__YOUR GOAL__. In the records that follow, find the line containing "goldfinch eating sunflower seeds" and the line containing "Crate & Barrel Sofa and Chair", then transcribe both and every line between them exactly, omitting pictures.

__DATA TO USE__.
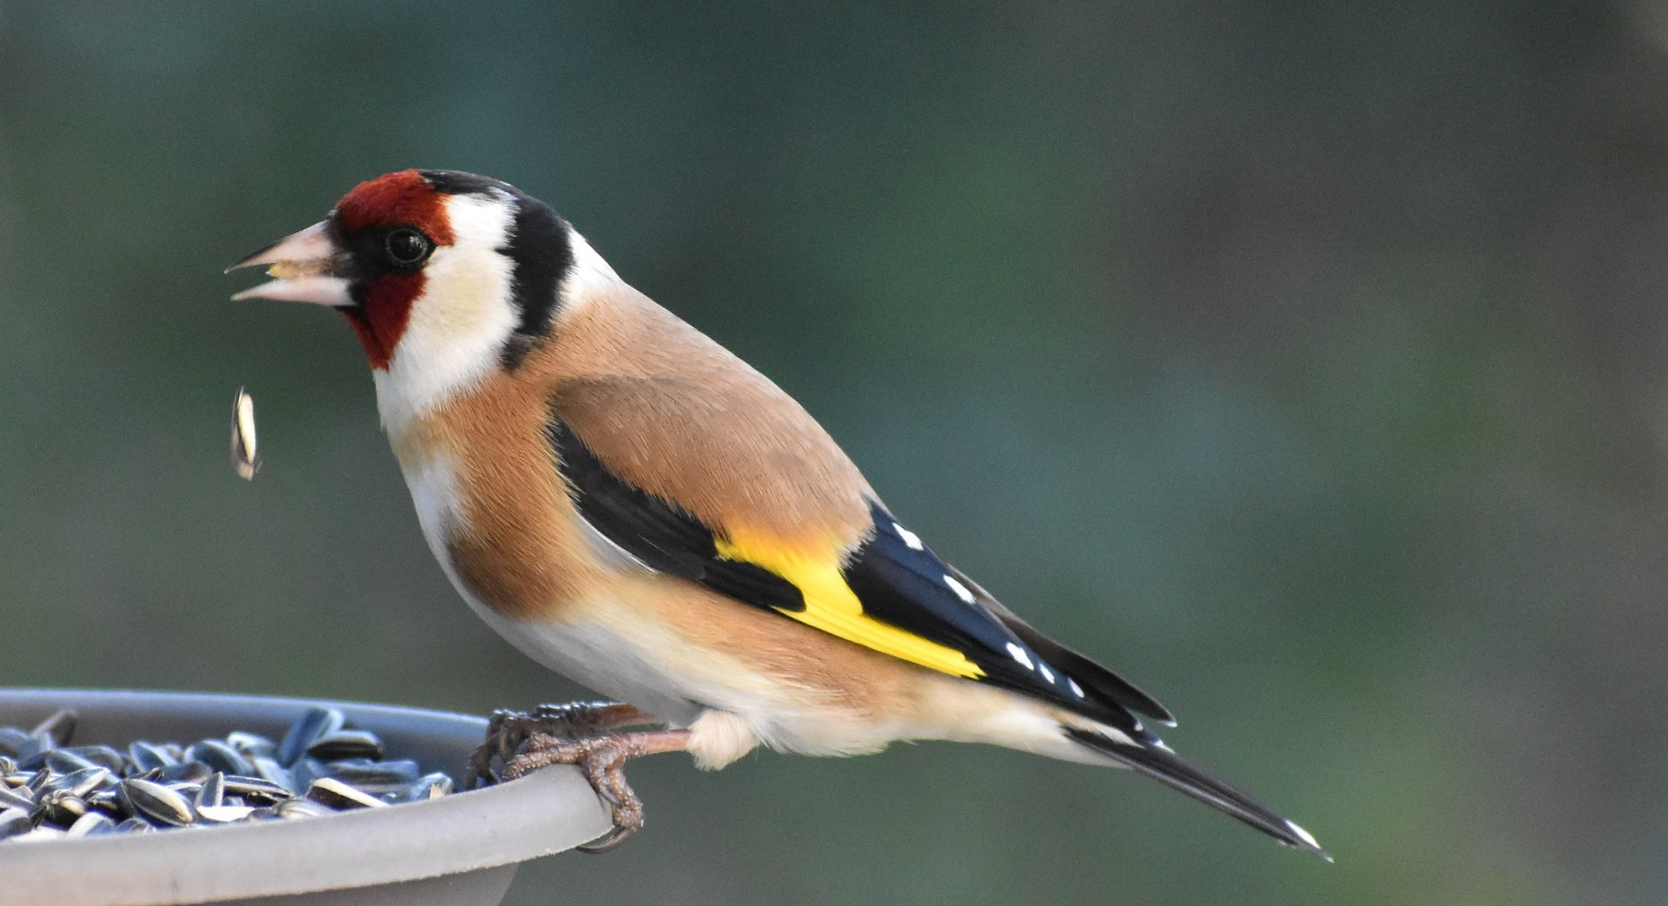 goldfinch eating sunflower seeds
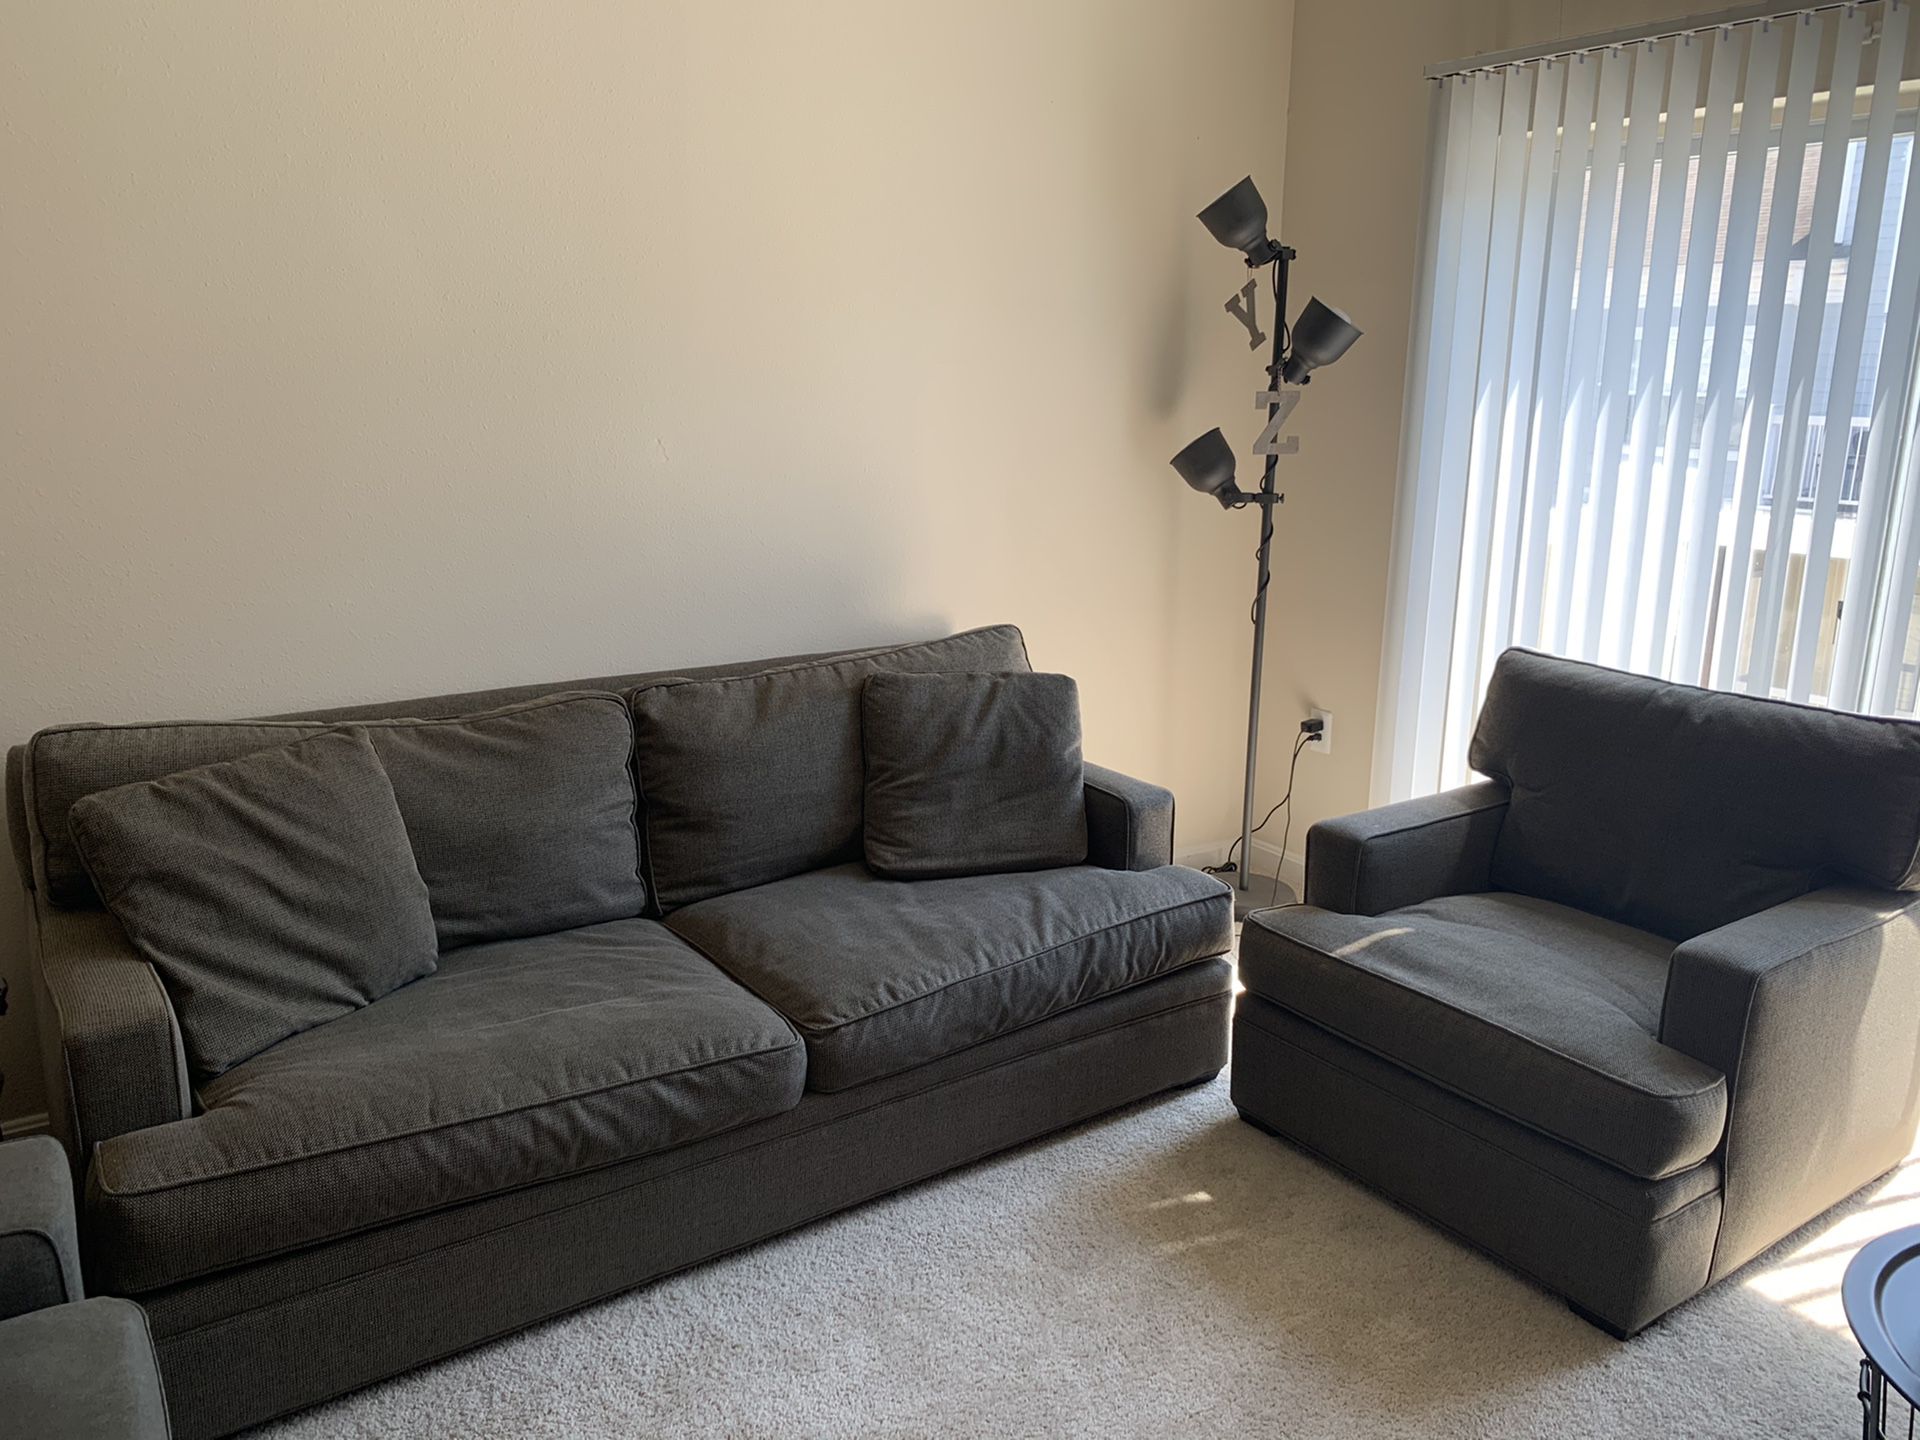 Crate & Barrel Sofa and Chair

---

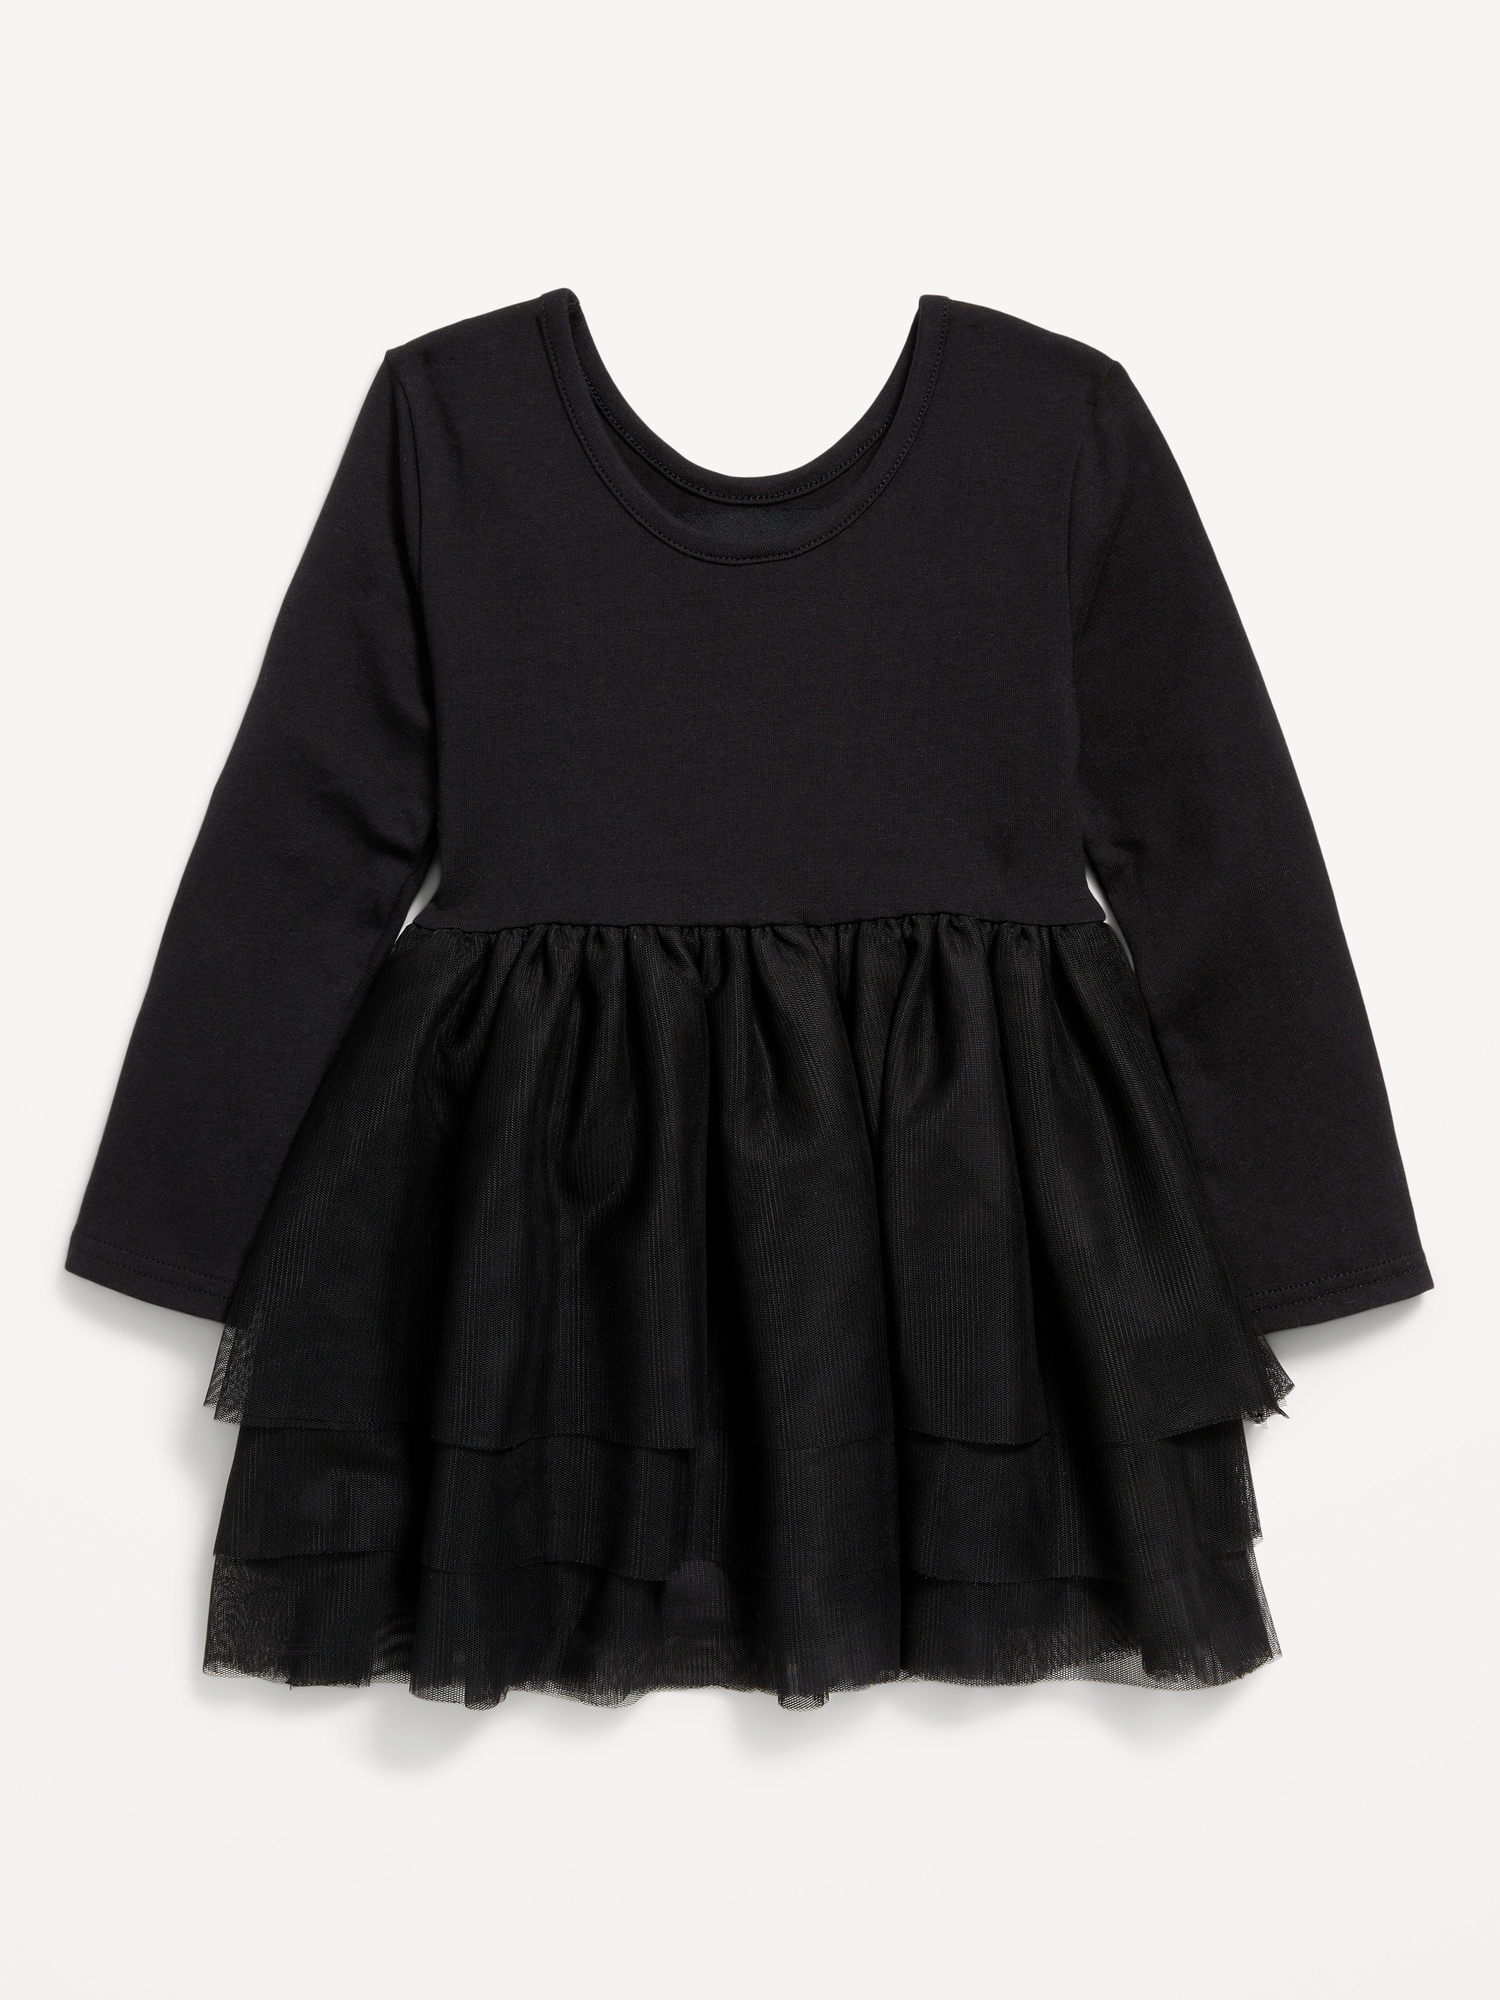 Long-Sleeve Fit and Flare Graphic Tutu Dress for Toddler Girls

__OUTPUT BELOW__.
 goldfinch eating sunflower seeds
 Crate & Barrel Sofa and Chair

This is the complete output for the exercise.